CONCLUSIONS—Diabetes management is effective in a lower-income Latino population. However, adherence was suboptimal even when medications were provided on-site for free. Further research into barriers associated with medication adherence is needed.

In the U.S., Latino individuals have a high prevalence of diabetes and are often poor and uninsured (1). Research needs to be done to develop cost-effective, ethnically appropriate diabetes programs for these vulnerable individuals. We implemented a diabetes-management program in a comprehensive health center serving low-income, Latino patients in east Los Angeles. A previous study indicated that our program improves short-term outcomes but that the improvement is often not sustained (2). This study was conducted to identify the correlates of success in our program.

This study was a 2-year one-center randomized comparative trial. Consenting patients entering our program were randomized to either an episodic model of care or a continuous model of care. Each patient completed an Institutional Review Board–approved informed consent form. All subjects underwent the same first 6 months of care in accordance with our protocols.
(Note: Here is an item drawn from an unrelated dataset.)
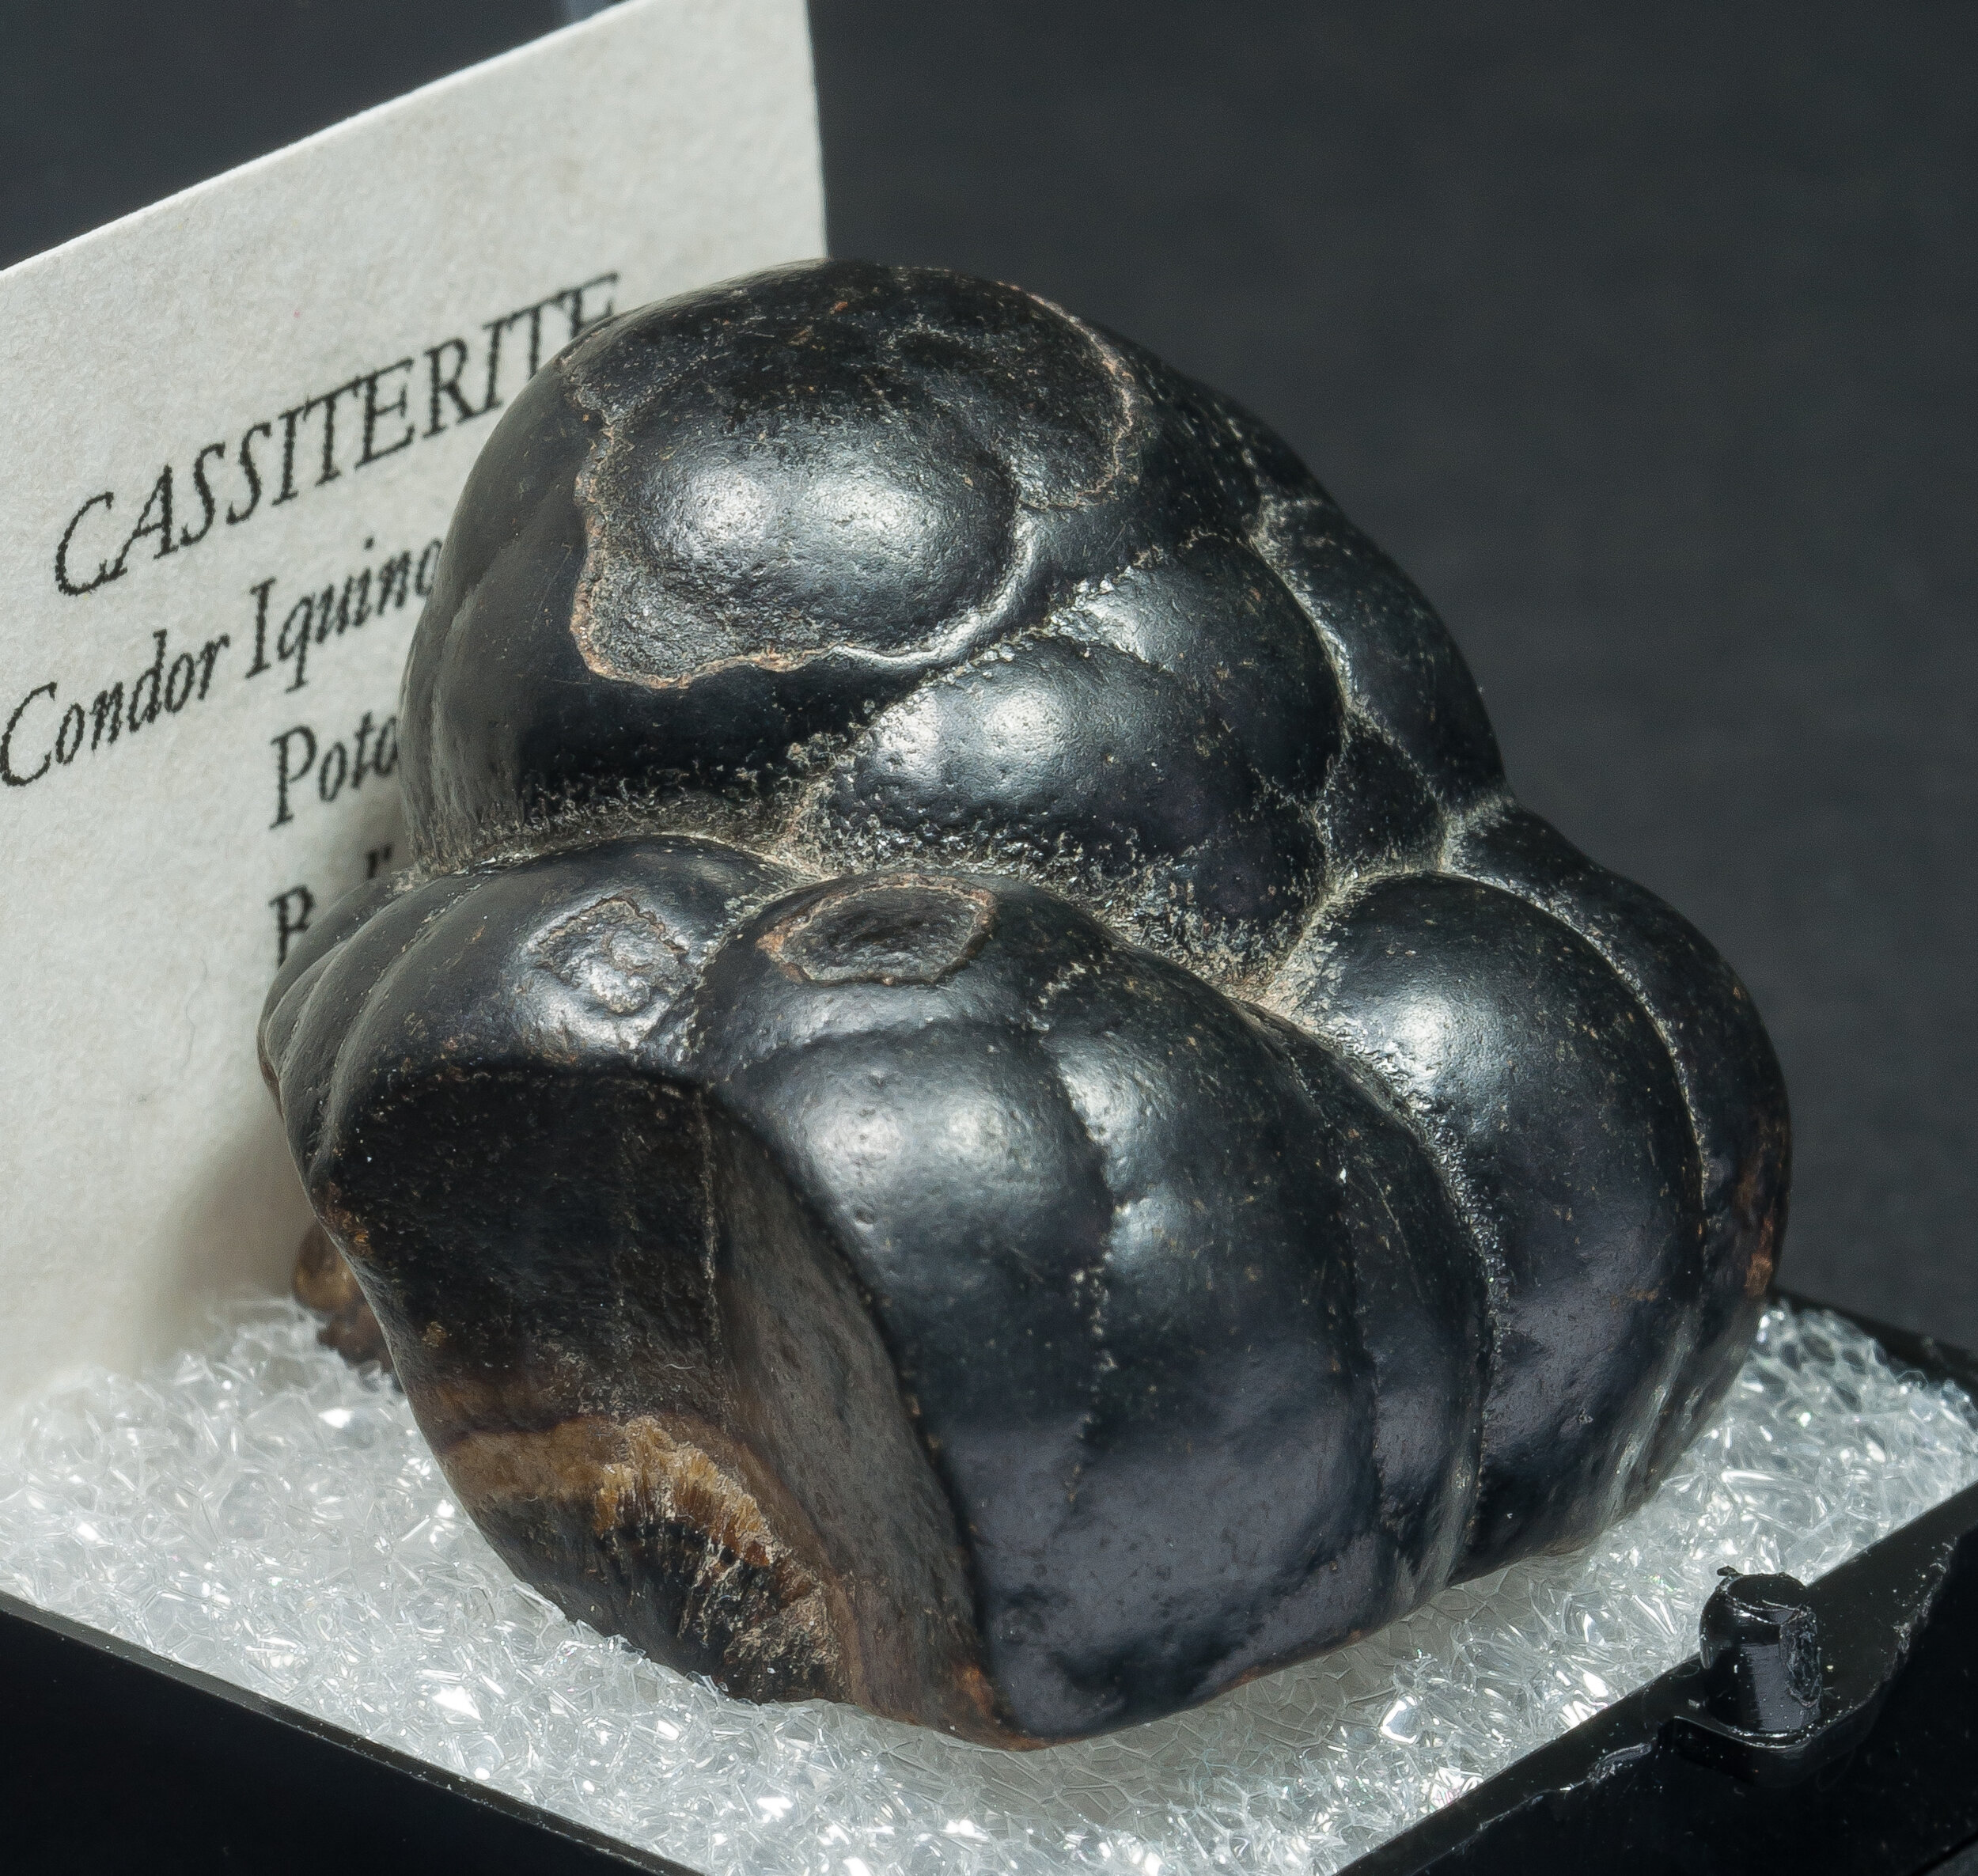 specimens/s_imagesAO2/Cassiterite-TYR64AO2s.jpg

After 6 months, those in the episodic group were to be discharged and returned annually for an evaluation. Those in the continuous model were seen at least every 3 months for the duration of 2 years. Patients were randomized and frequency matched based on age, diabetes duration, sex, BMI, and A1C.

Routine diabetes clinical and laboratory measurements and questionnaires (Diabetes Knowledge Test [3], the Summary of Diabetes Self-Care Activities questionnaire [4], Diabetes Empowerment Scale [5], and the Problem Areas in Diabetes questionnaire [6]) were completed at baseline and at 6, 12, and 24 months. Adherence to prescribed drugs was measured as a medication possession ratio (MPR), which represents the proportion of days on which the patient had the medication available (7).

The design of our program has previously been described (2). Most patients have no health insurance and live below the federal poverty level. Care managers (nurses and nurse practitioners) provide care following protocols and are supervised by a diabetologist. The program attempts global risk reduction in a culturally appropriate context. Our A1C target is <8%, with recommendations for reducing the A1C further in primary care. Initially, we followed patients indefinitely, but resources mandated shortening the programs duration to 6 months, with a possible extension based on the judgment of the care manager.

Statistical analysis

Data are presented as means ± SEM. Changes in each variable from baseline at each follow-up time were compared between the two groups using a two-way Student's t test. For all behavioral response measures, the scores of responses for each questionnaire were compared between the two groups at baseline and each visit using Wilcoxon's rank-sum test. Data were analyzed using GraphPad Instat 3, version 3.0b.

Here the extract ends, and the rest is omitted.